D. Notwithstanding anything to the contrary contained in this
Agreement, in the event (i) an Indemnified Party (a "Non-Defaulting Party") has
not been paid all Losses and other damages it is owed hereunder by an
Indemnifying Party (or, if the Indemnifying Party is a Seller Indemnified
Party, then if any of the Seller Indemnified Parties shall not have made all
payments to such Indemnified Party) (a "Defaulting Party") and (ii) thereafter,
such Defaulting Party (or, if the Defaulting Party is a Seller Indemnified
Party, then any of the Seller Indemnified Parties) brings a claim (an
"Offsettable Claim") for indemnification hereunder against such Non-Defaulting
Party, then, in such event, the amount of such Offsettable Claim shall be
reduced by any amounts owed by such Defaulting Party (or, if such Defaulting
Party is a Seller Indemnified Party, then the amounts owed by any of the Seller
Indemnified Parties) to the Non-Defaulting Party.
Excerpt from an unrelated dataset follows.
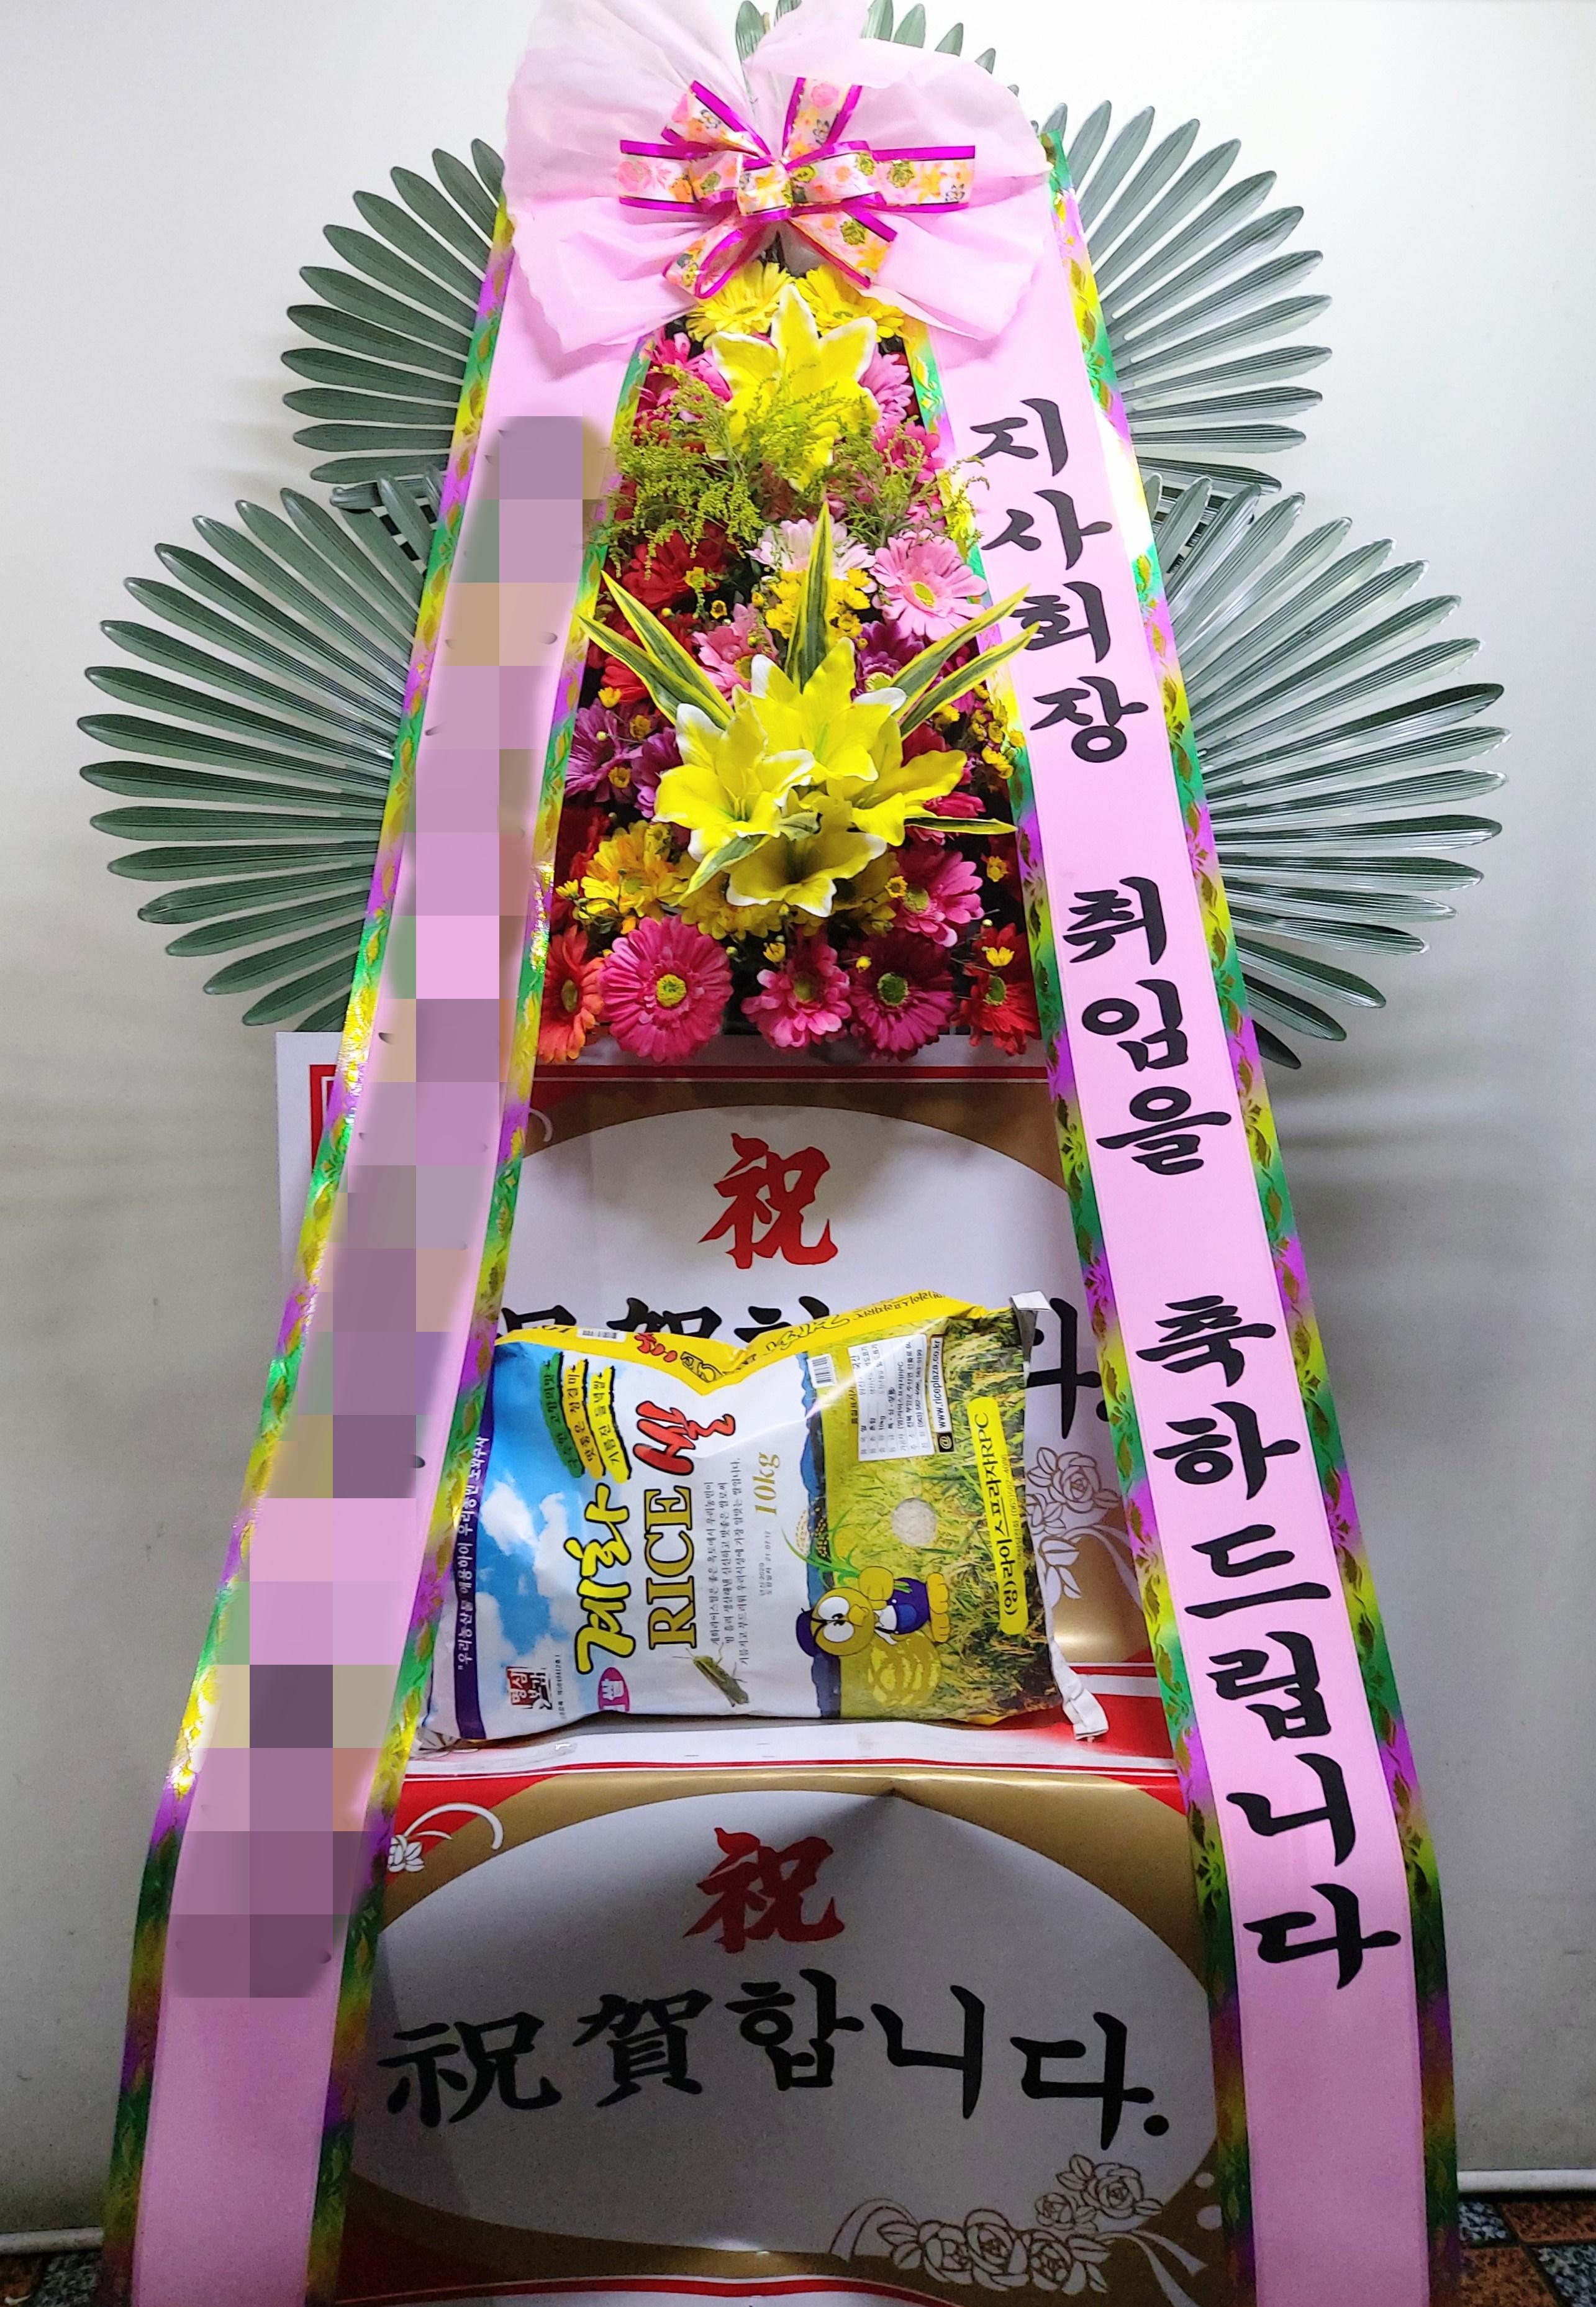 주문자 강ㅇㅇ 광주광역시로 배송된 상품사진입니다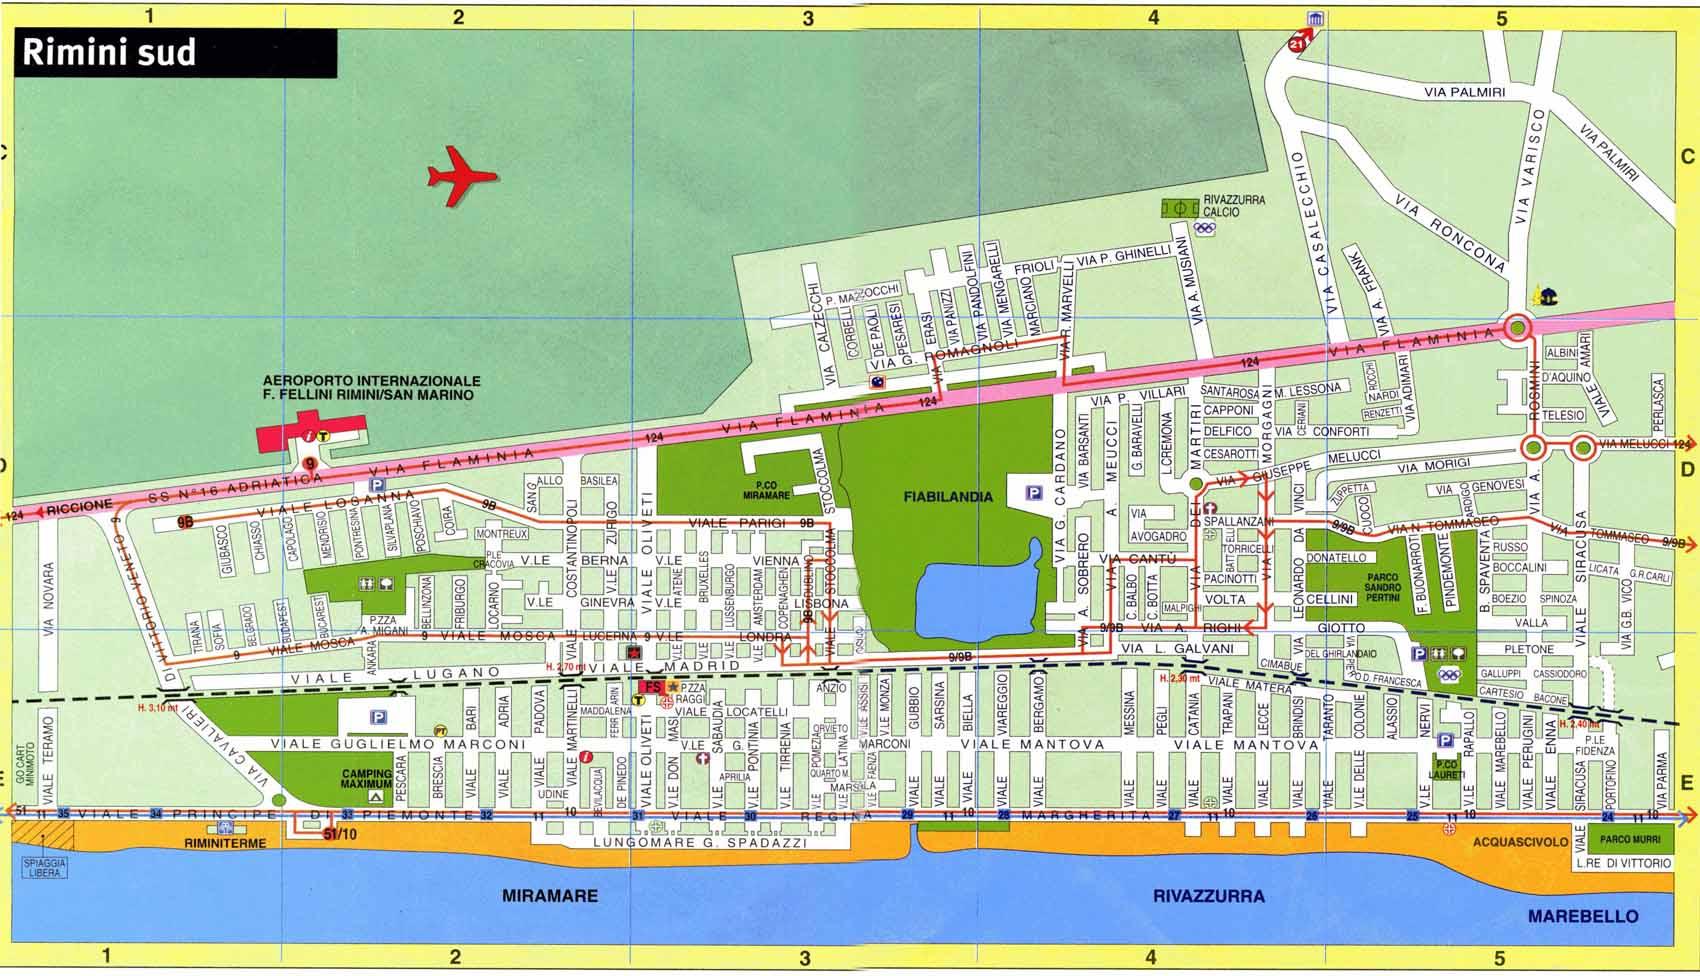 rimini italia mapa Large Rimini Maps for Free Download and Print | High Resolution  rimini italia mapa

E. As used herein (x) "Losses" means any and all assessments,
liabilities, losses, fines, penalties, costs, damages and expenses (including,
without limitation, lawyers', consultants', experts' and accountants' fees and
disbursements net of any benefits actually received by the Purchaser in
connection with such Loss) and (y) "Person" shall mean any natural person,
corporation, limited partnership, limited liability company, limited
partnership, general partnership, joint stock company, joint venture, real
estate investment trust, association, company, trust, bank, trust company, land
trust, vehicle trust, business trust or other organization irrespective of
whether it is a legal entity, or any government or agency or political
subdivision thereof. All references in this Section 24 to Losses shall exclude
goods and services tax to the extent that input tax credits are available
therefor.
25. Investment Canada Act.
A. Seller shall cease to engage in any publication,
distribution, or sale of any books, magazines, periodicals or newspapers in
print or machine readable form, and shall cease to engage in any production,
distribution, sale, exhibition or rental of any film recordings, or video
recordings, not later than three (3) days prior to Closing.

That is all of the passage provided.